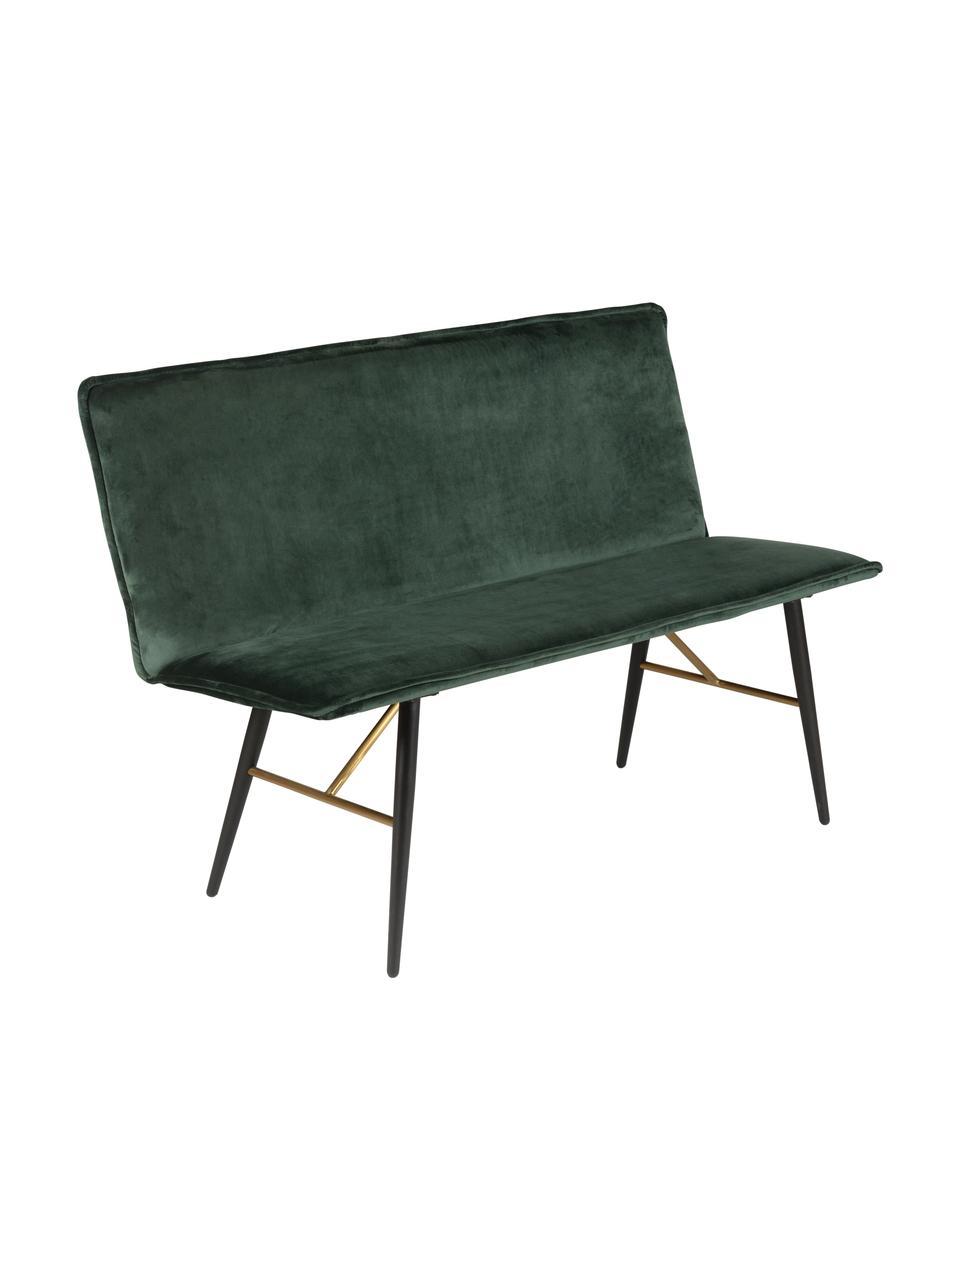 Fluwelen eetkamerbank Verona, Bekleding: polyester fluweel, Groen, zwart, B 134 x D 55 cm
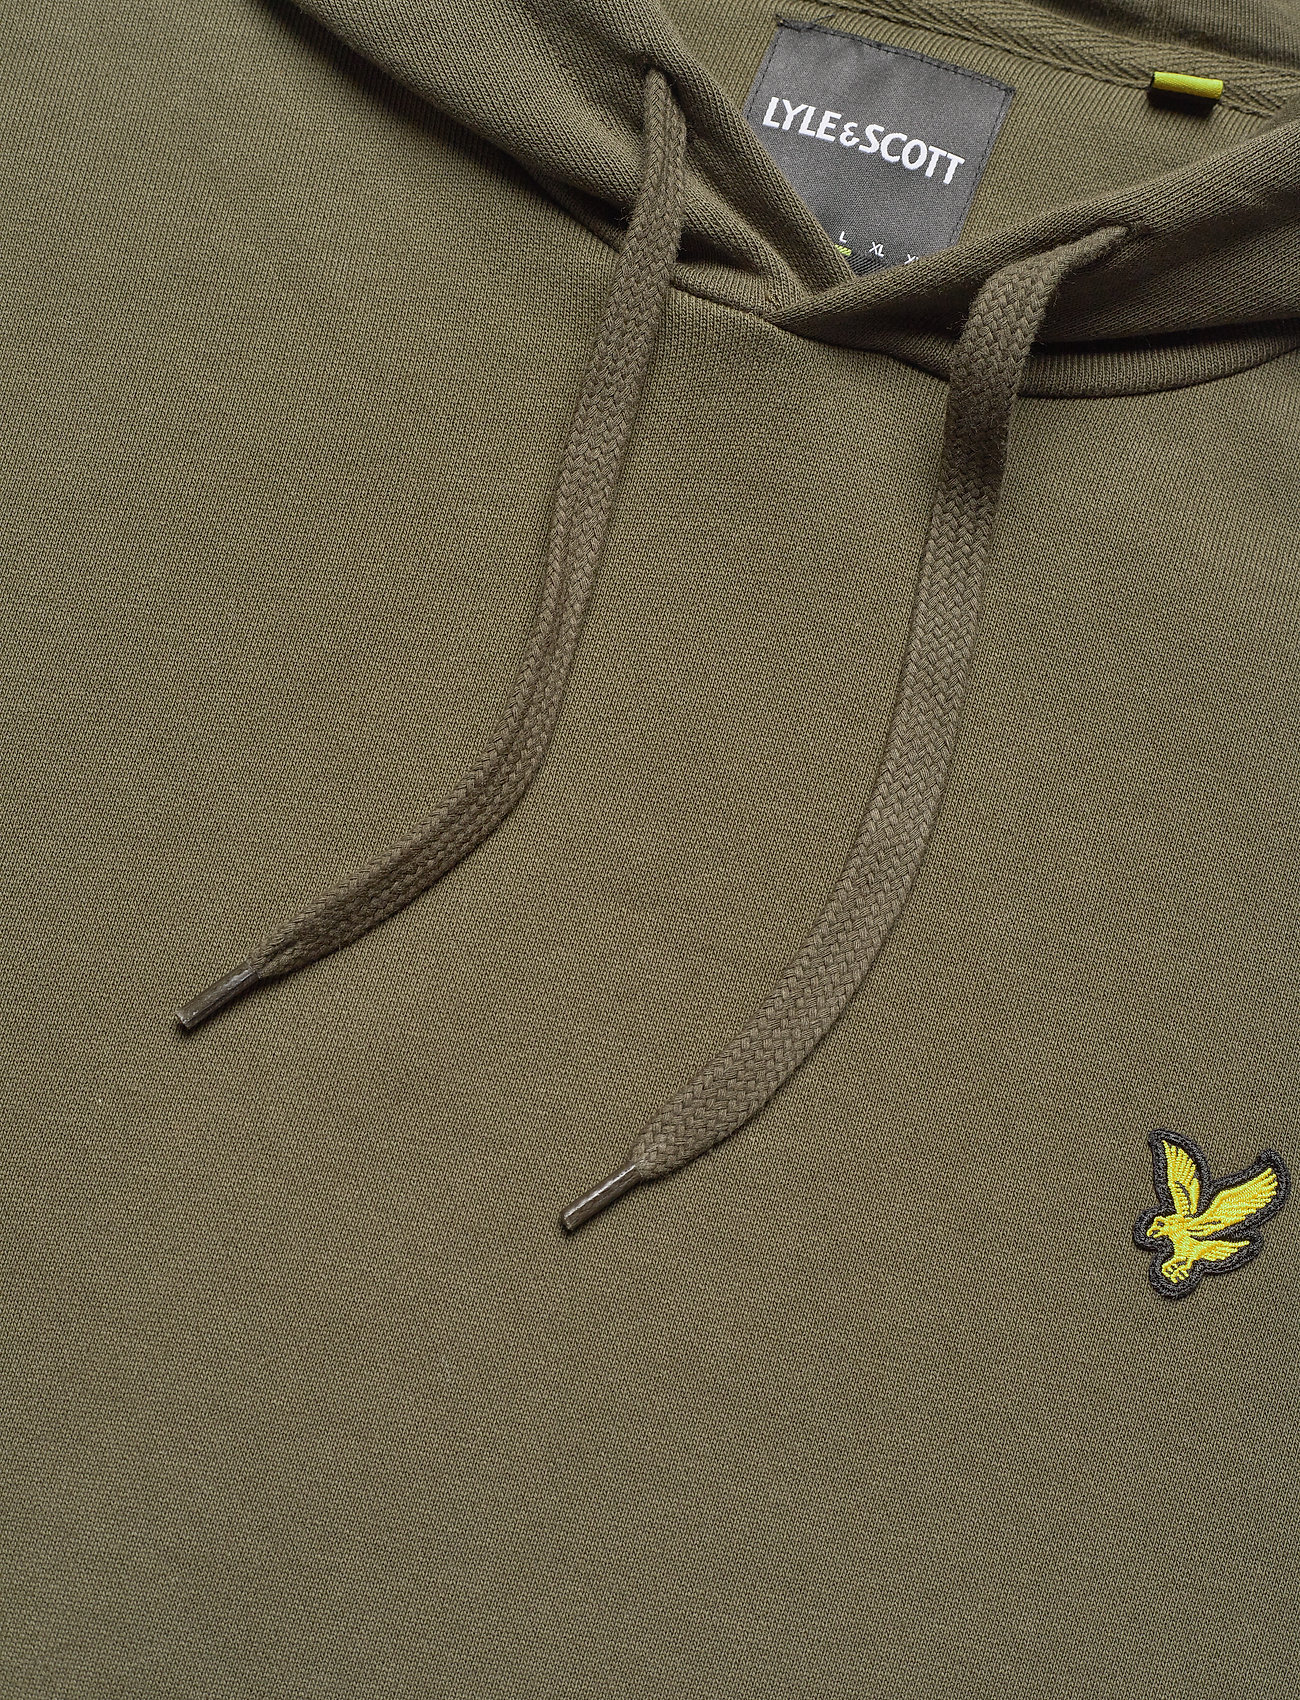 Lyle & Scott Pullover Hoodie - Sweatshirts TREK GREEN - Menn Klær
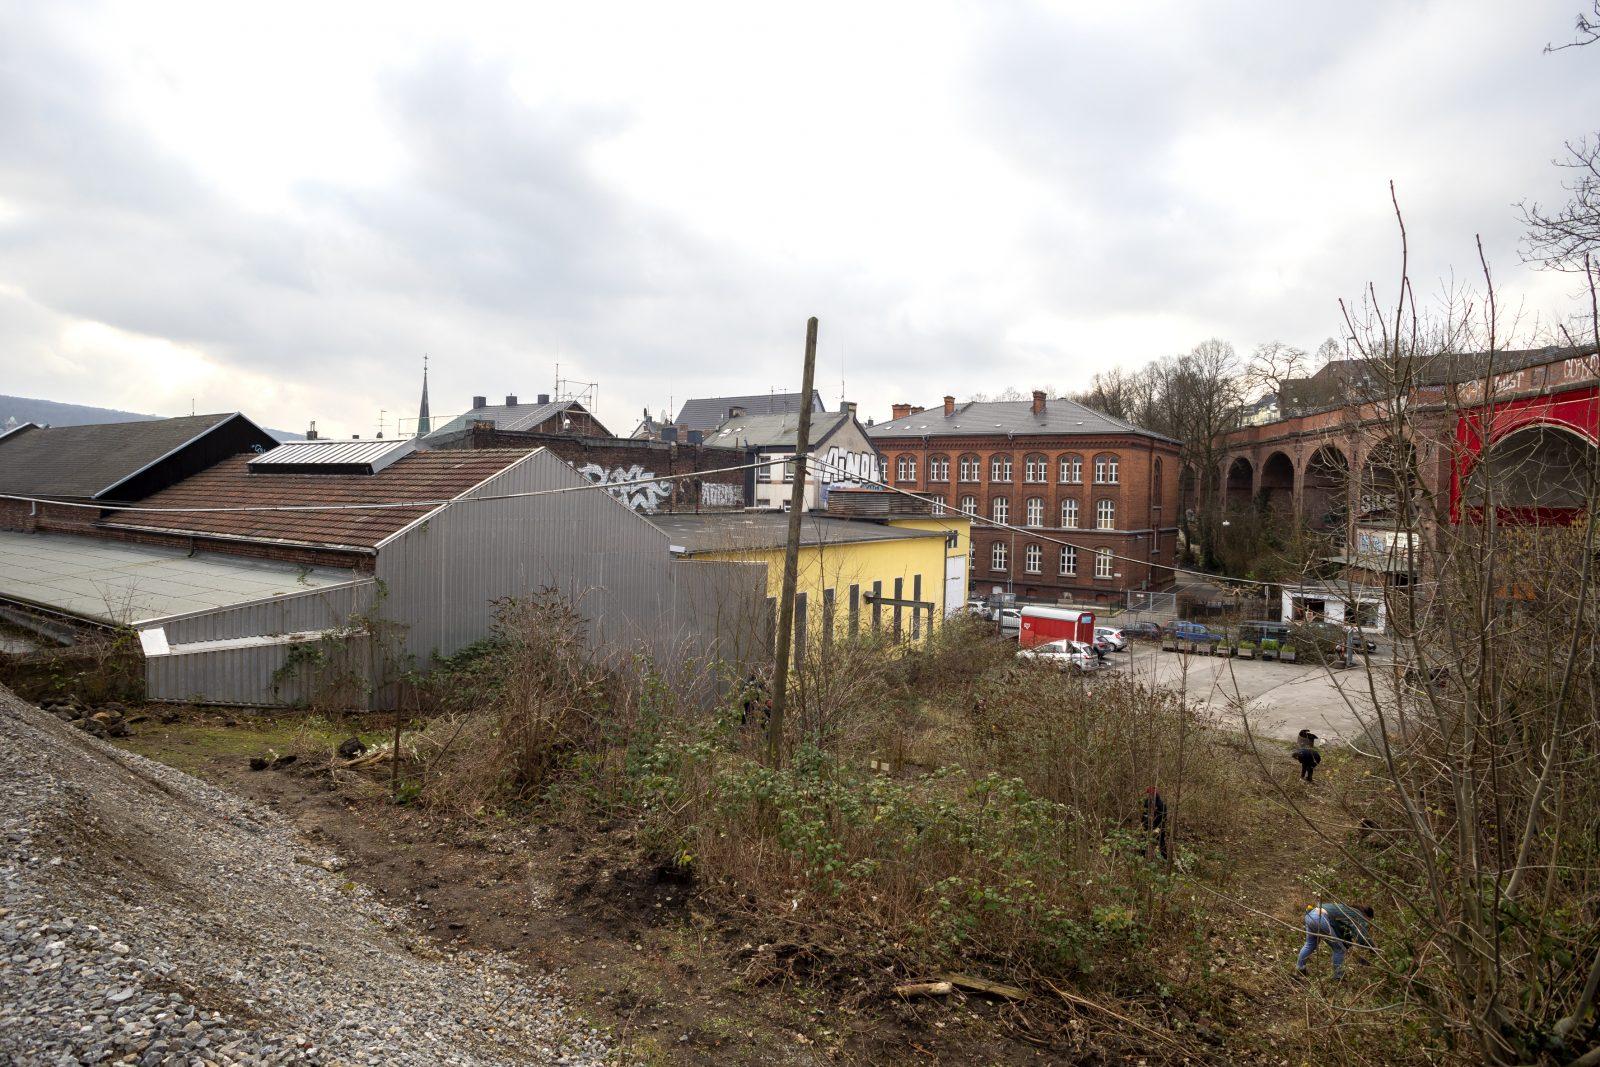 Foto: Wolf Sondermann, (C) Urbane Nachbarschaft BOB gGmbH

◆ YOUR TASK: All lines from the one containing "Lyle & Scott" through the end of the data are to be restated exactly, with nothing else and without the pictures.

◆ SOLUTION TO THE EXERCISE:
 Lyle & Scott Pullover Hoodie - Sweatshirts TREK GREEN - Menn Klær
 Foto: Wolf Sondermann, (C) Urbane Nachbarschaft BOB gGmbH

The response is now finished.